**Task to complete**
Once the pictures are set aside, repeat all of the data below exactly.

Dataset content START

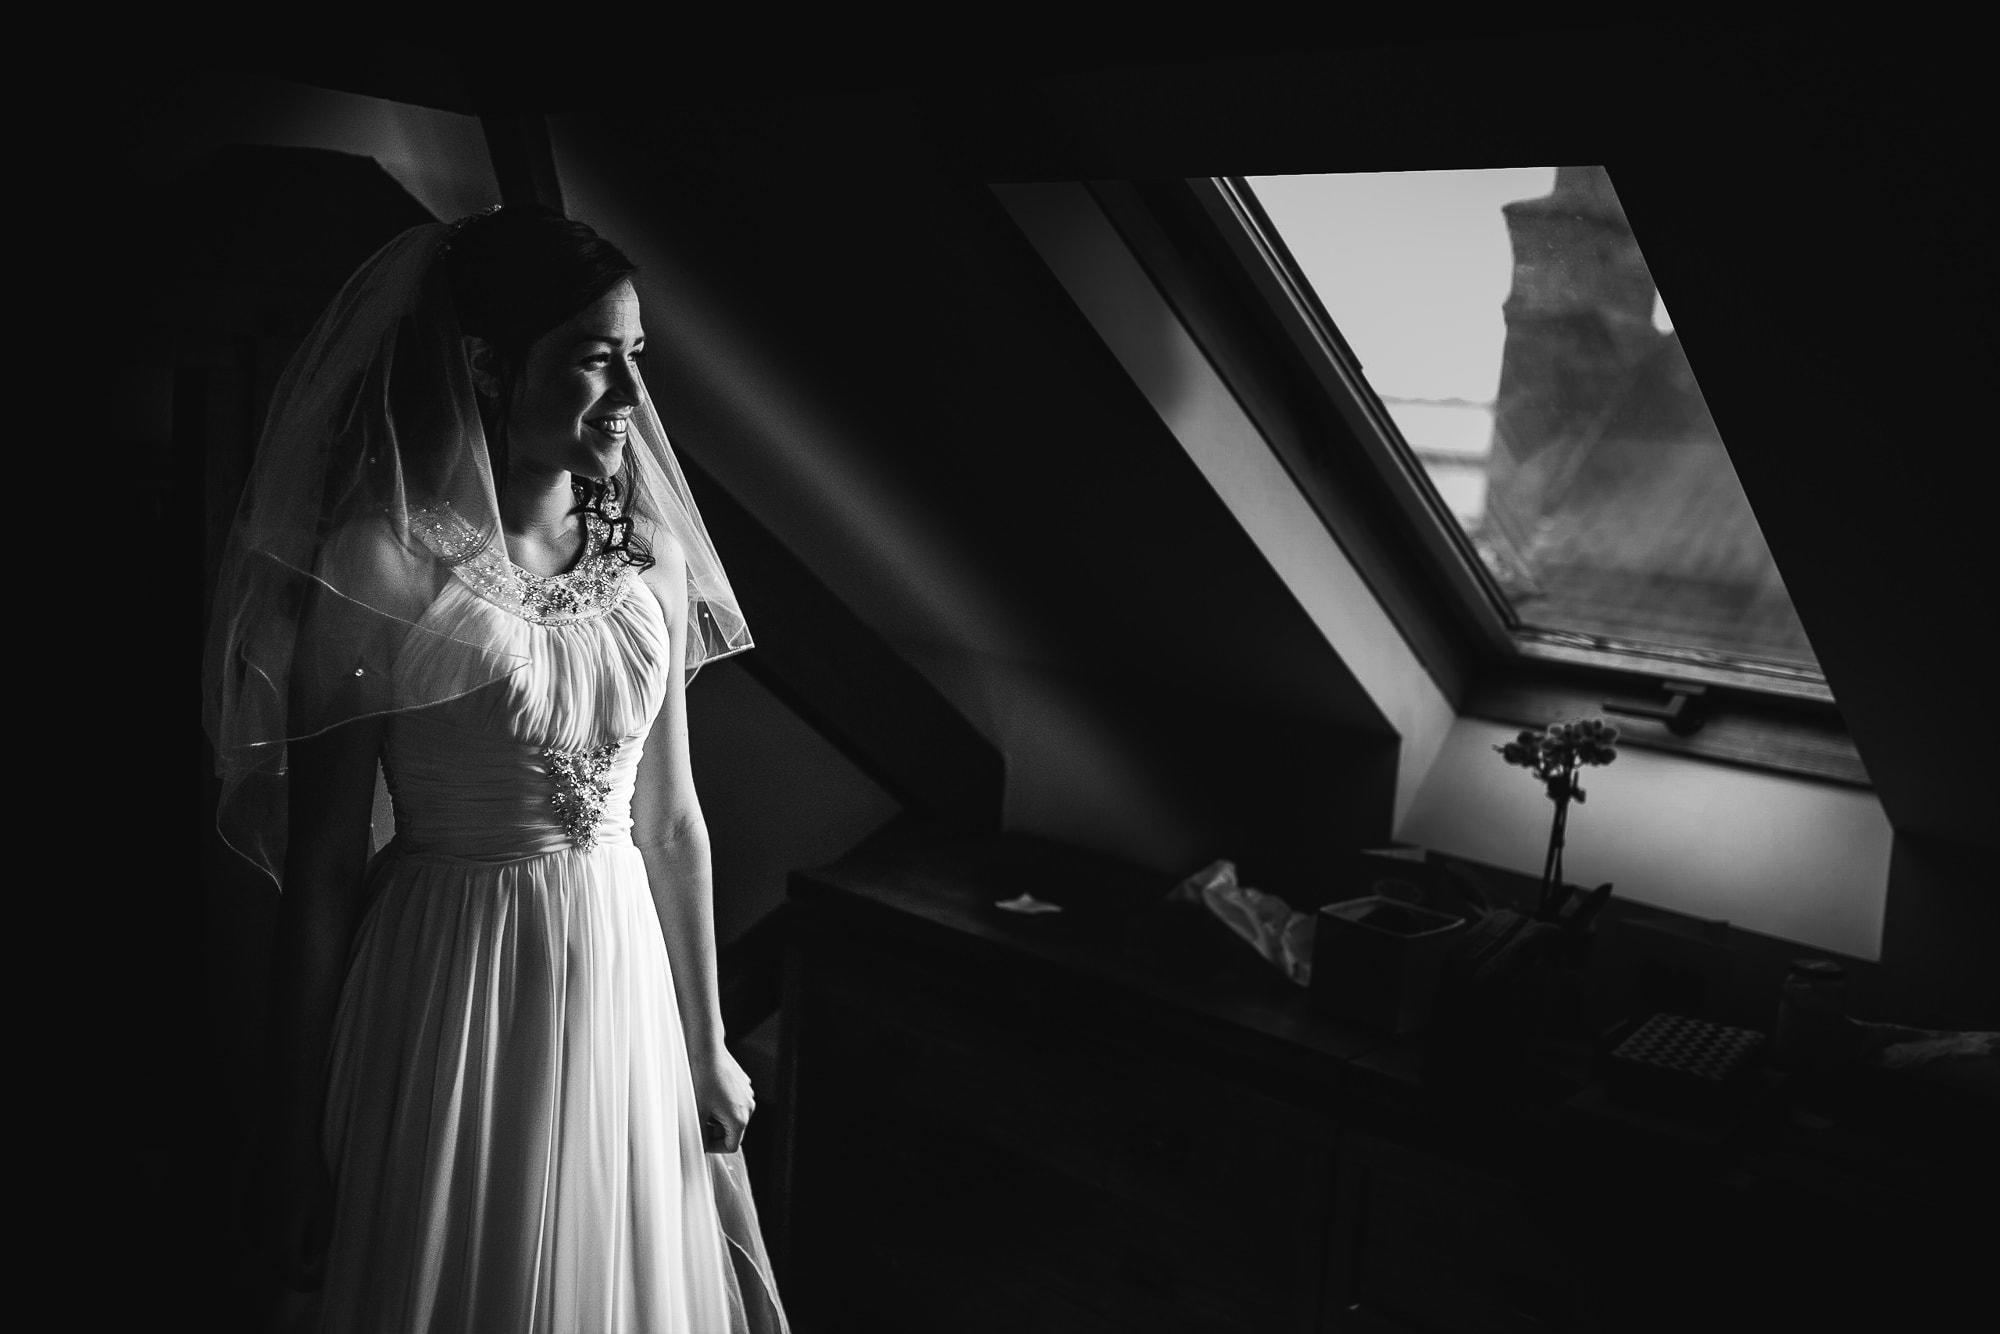 Matlt-Cross-Nottingham-wedding-Photography-17
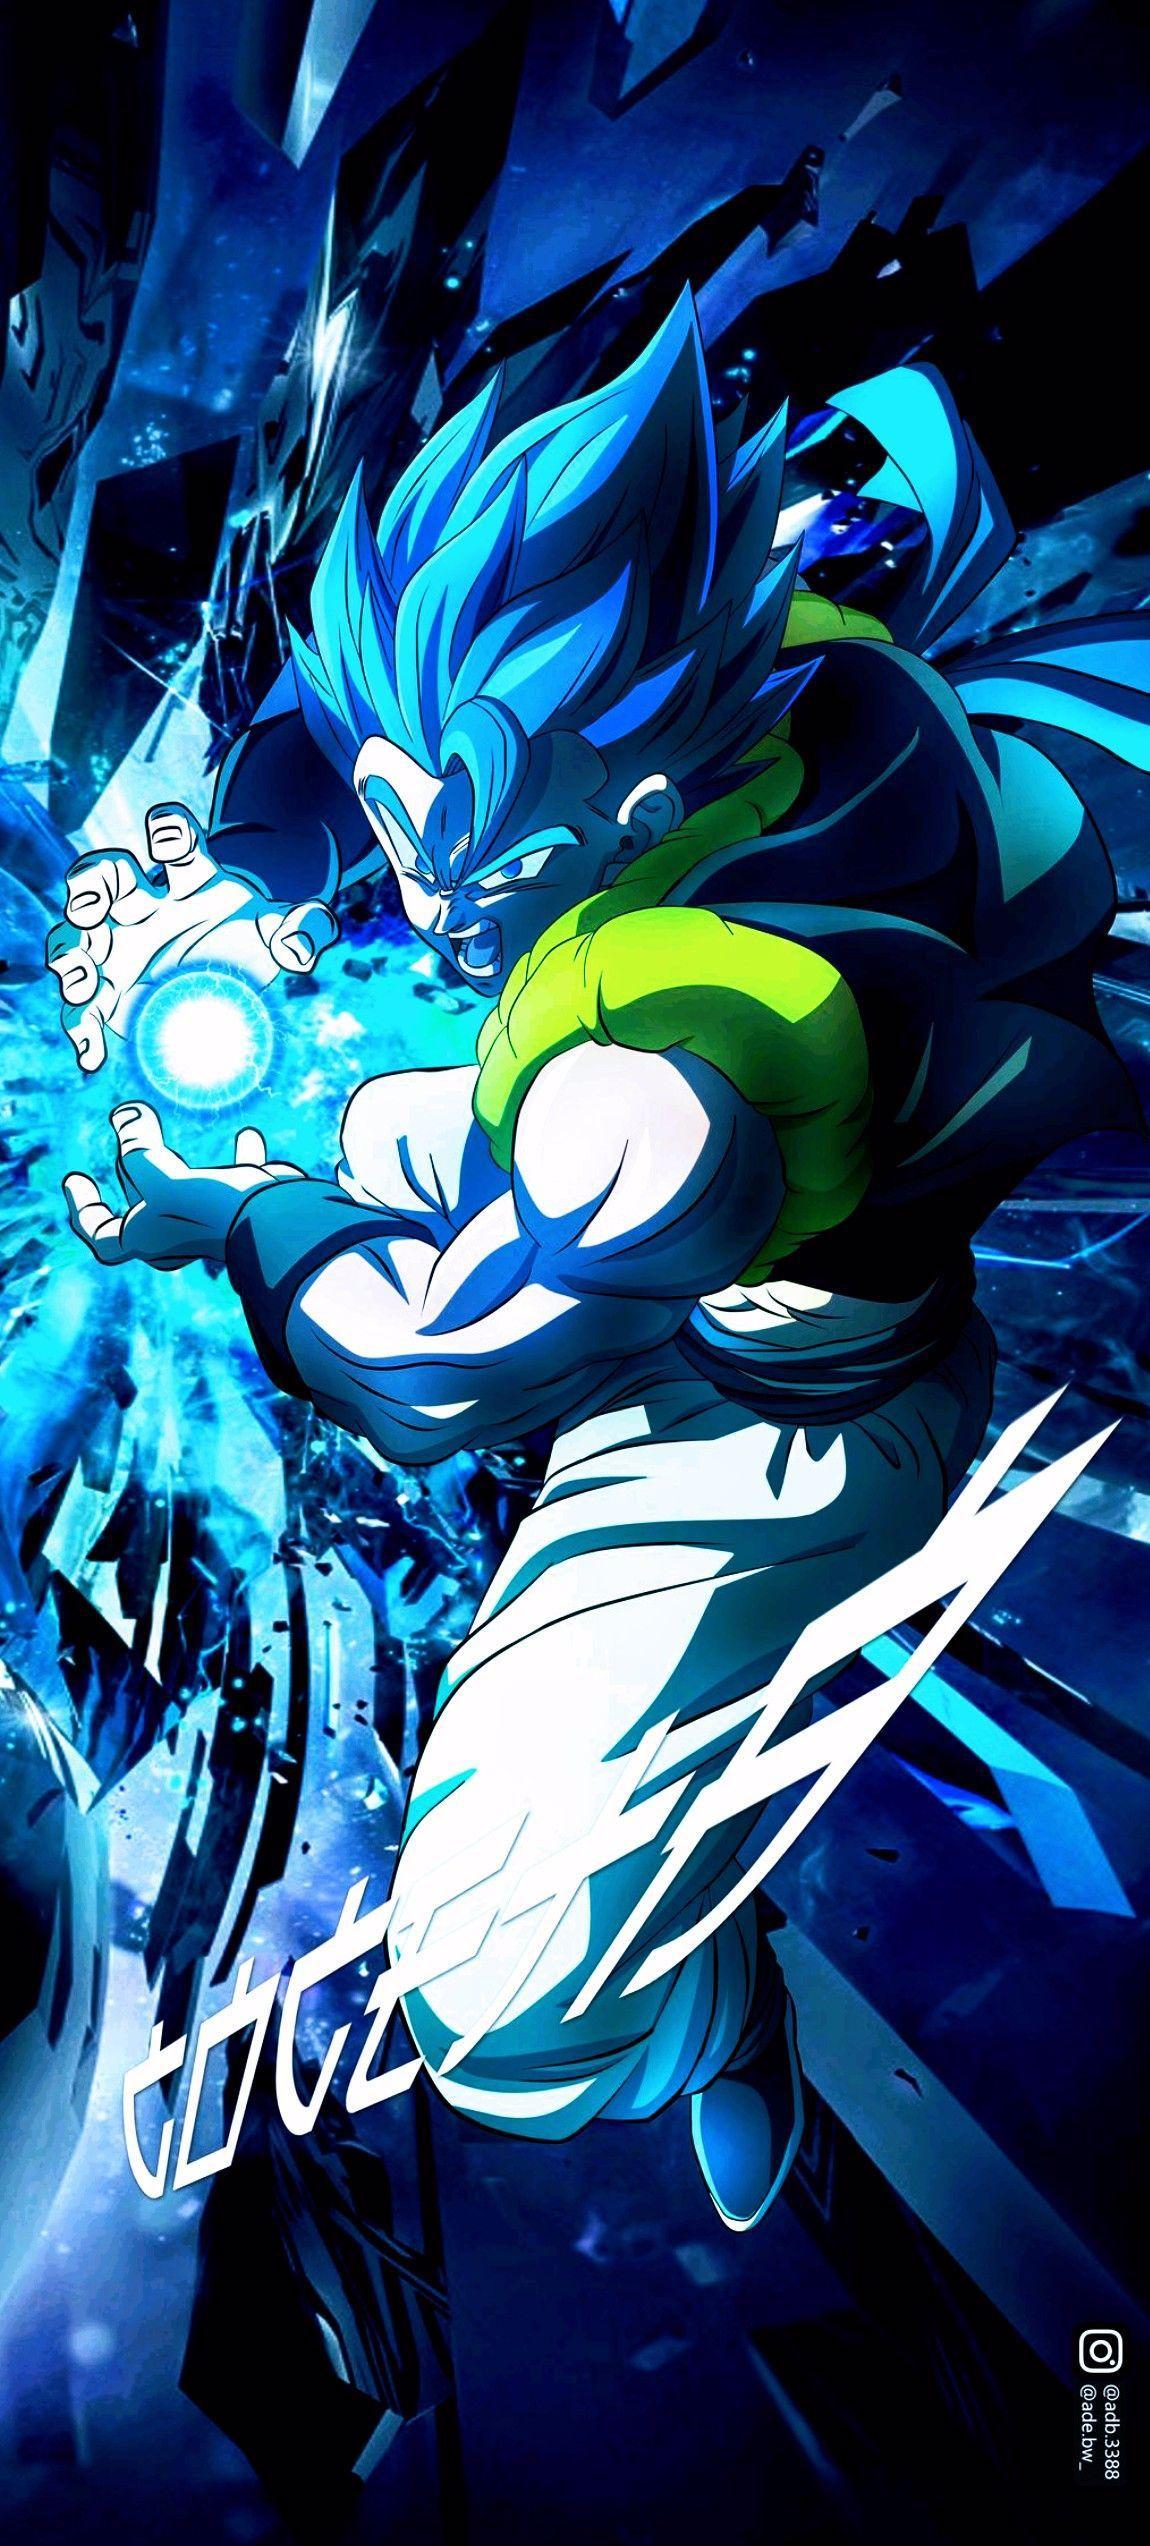 Gogeta Super Saiyan Blue, Dragon Ball Super in 2020 ...
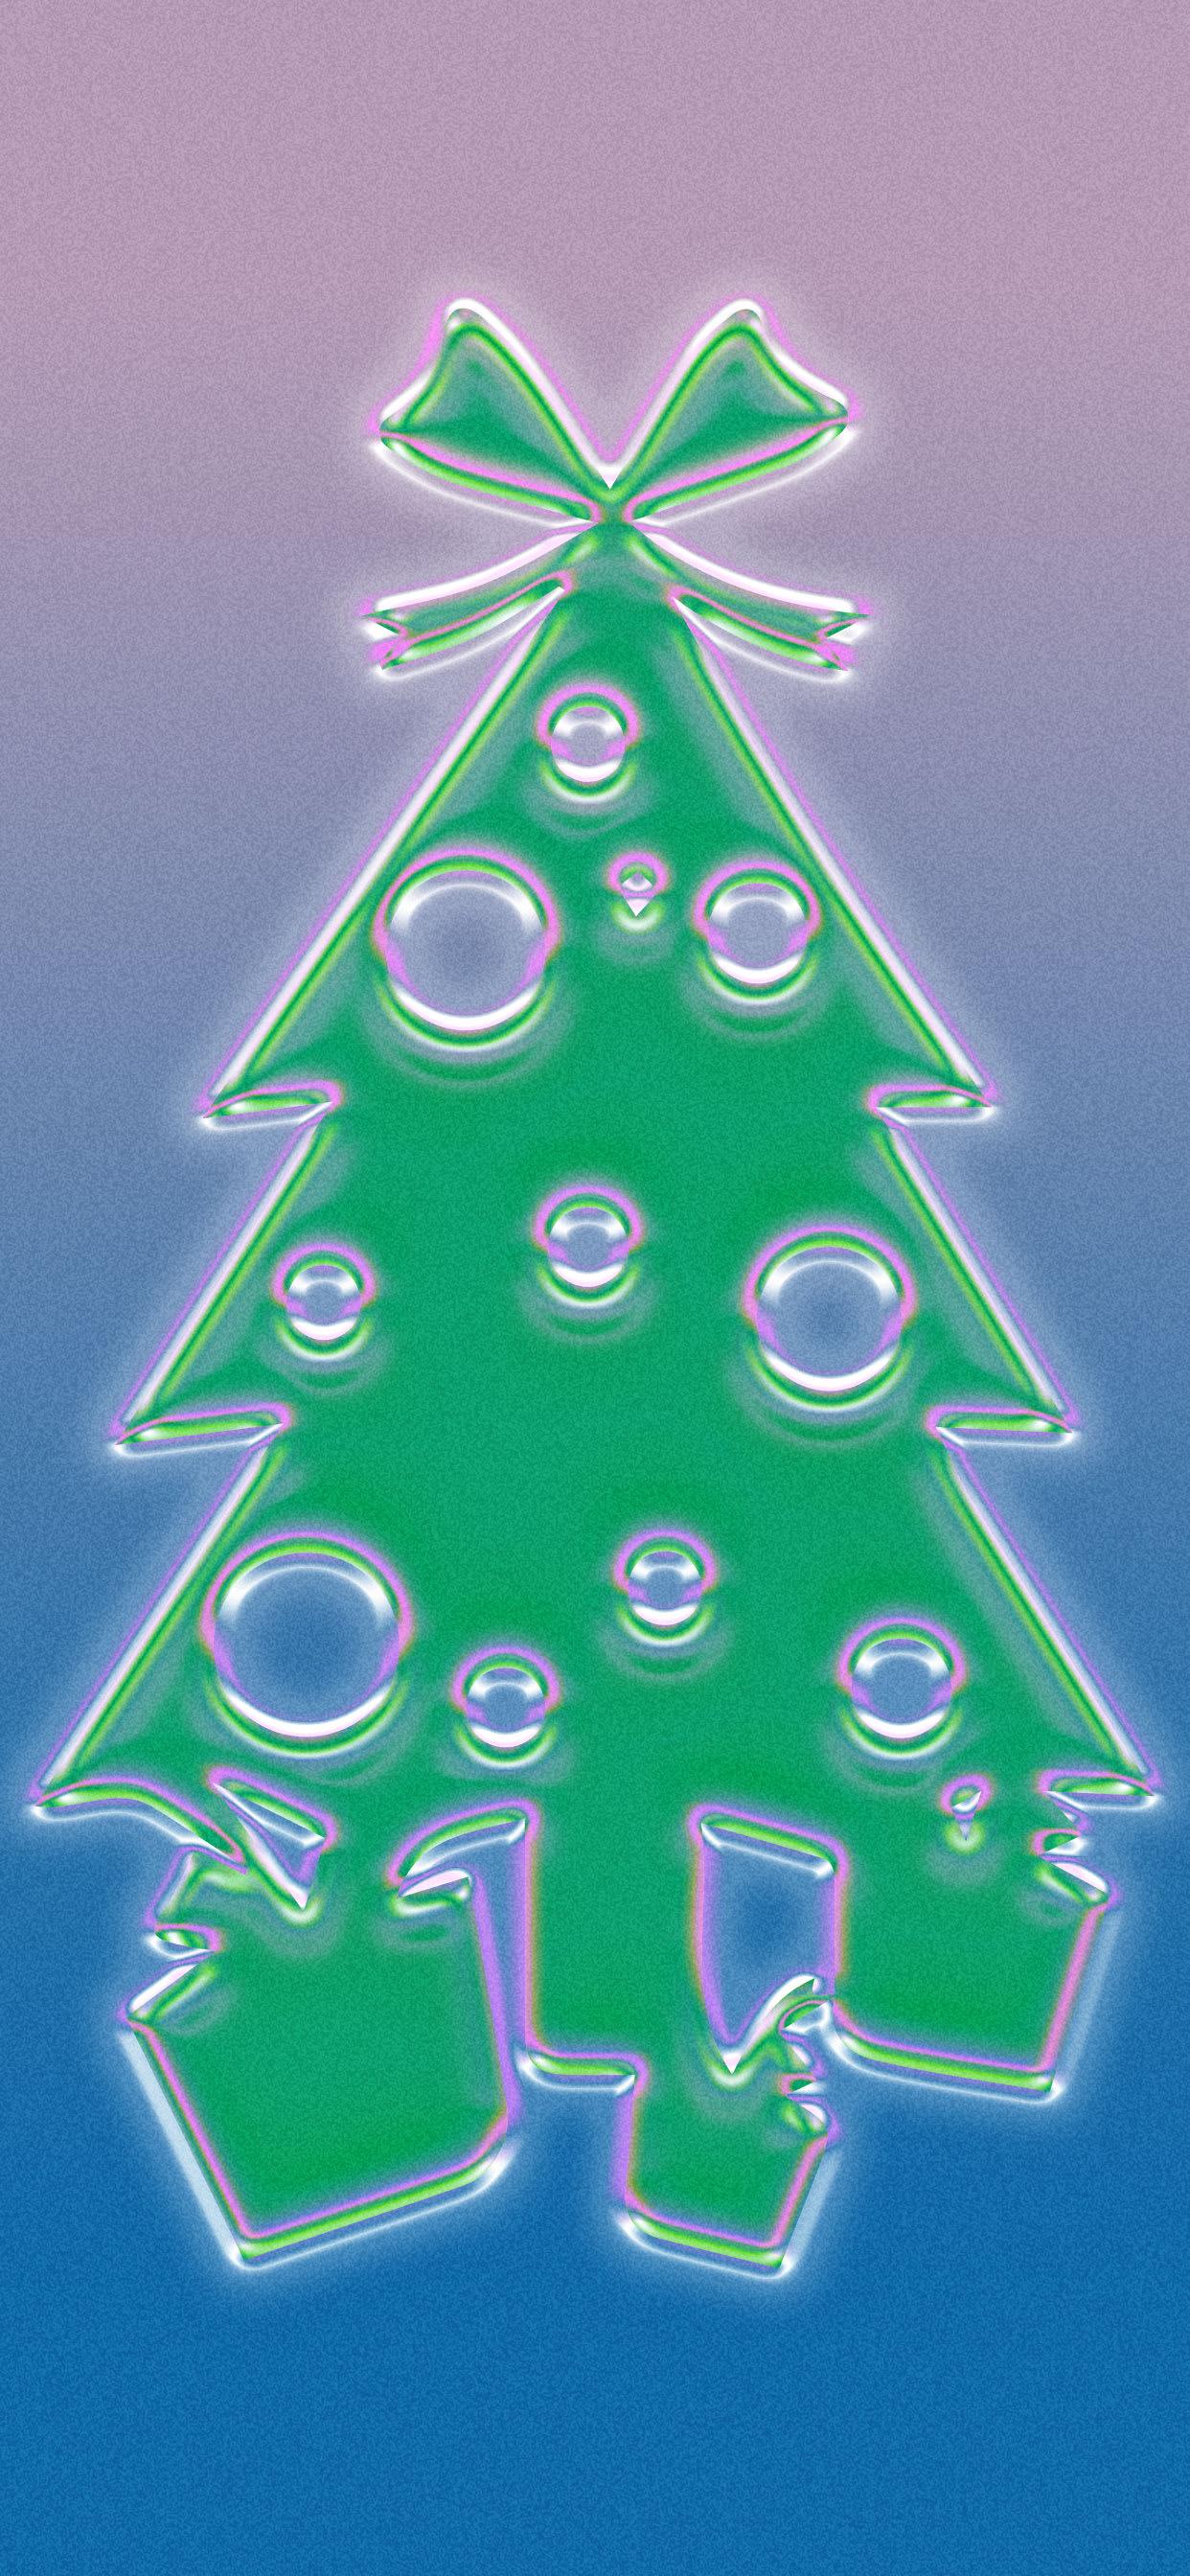 allapplenews-wallpaper-Christmas

Dataset content END

**Output of the task**
 Matlt-Cross-Nottingham-wedding-Photography-17
 Gogeta Super Saiyan Blue, Dragon Ball Super in 2020 ...
 allapplenews-wallpaper-Christmas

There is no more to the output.